= William J. Maier =

American politician

William J. Maier as a second term New York Assemblyman in 1906.

William J. Maier (September 13, 1876 in Seneca Falls, Seneca County, New York – December 1941) was an American politician from New York. He served seven terms in the New York State Assembly, and was briefly in 1922 New York State Comptroller.

==Biography==
Maier was educated at Mynderse Academy before attending Albany Law School, from which he graduated in 1900 with a LL.B. degree.

Maier subsequently spent two years in Europe before going to work at the law firm of McDonald Brothers.

He was a member of the New York State Assembly (Seneca Co.) in 1905, 1906, 1914, 1915 and 1916; and was Chairman of the Committee on Electricity, Gas and Water Supply in 1915, and Chairman of the Committee on Ways and Means in 1916.

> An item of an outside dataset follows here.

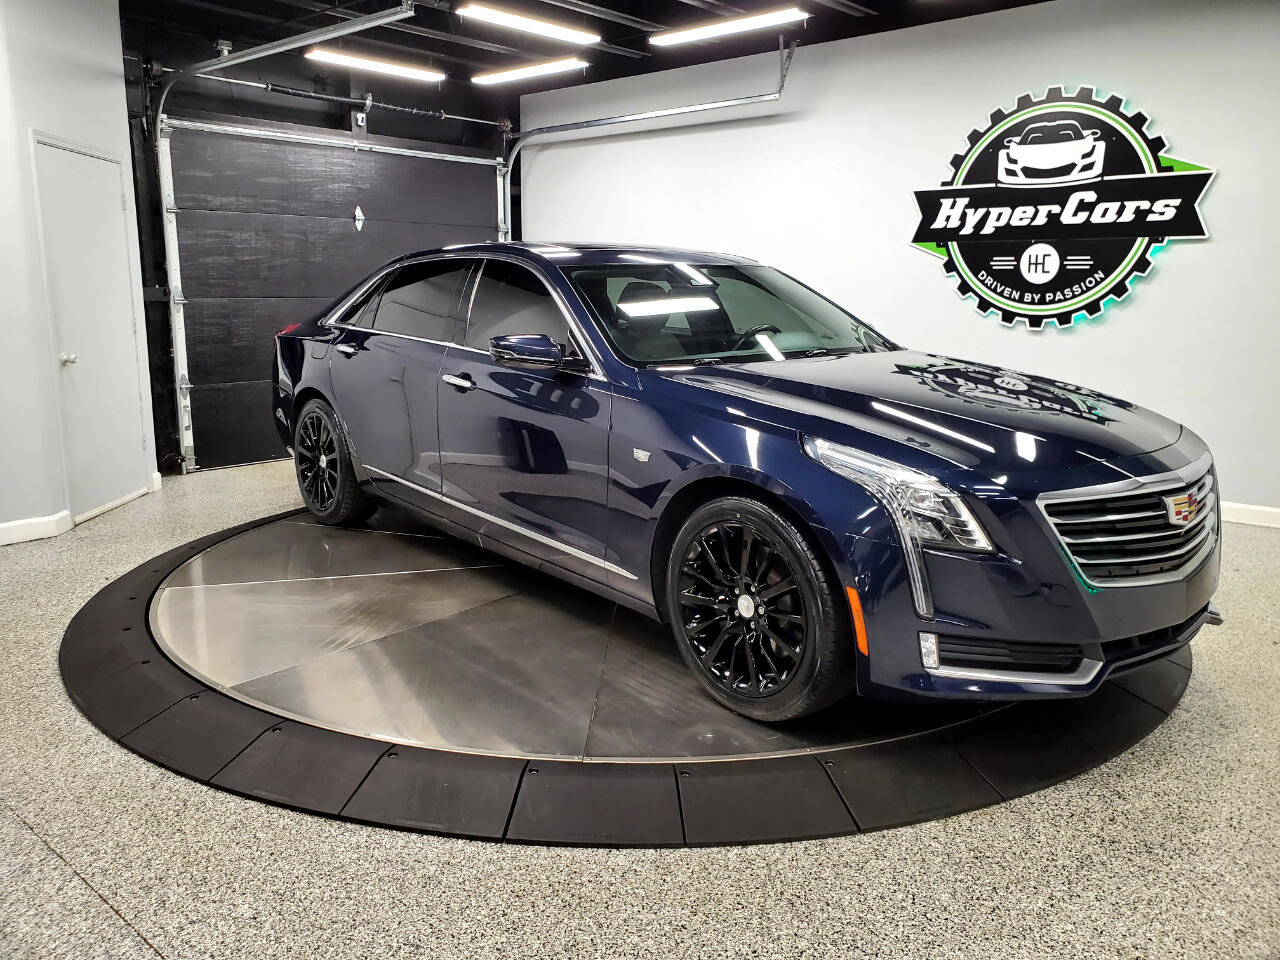 Used 2016 Cadillac CT6 Luxury AWD Dark Adriatic Blue Metallic for Sale in  New Albany, IN

Upon his retirement from the Assembly, Maier was appointed as Deputy Fiscal Supervisor for the State of New York.

In February 1917, Maier was appointed as a Deputy to State Comptroller Eugene M. Travis, effective March 1.

Maier was later appointed Chief Deputy Comptroller by Governor-elect Nathan L. Miller on December 31, 1920.

In May 1922, Maier was promoted to New York State Comptroller by Governor Miller to fill the unexpired term of Comptroller James A. Wendell following his death. Maier lost a bid for re-election in 1922 by Democrat James W. Fleming, however.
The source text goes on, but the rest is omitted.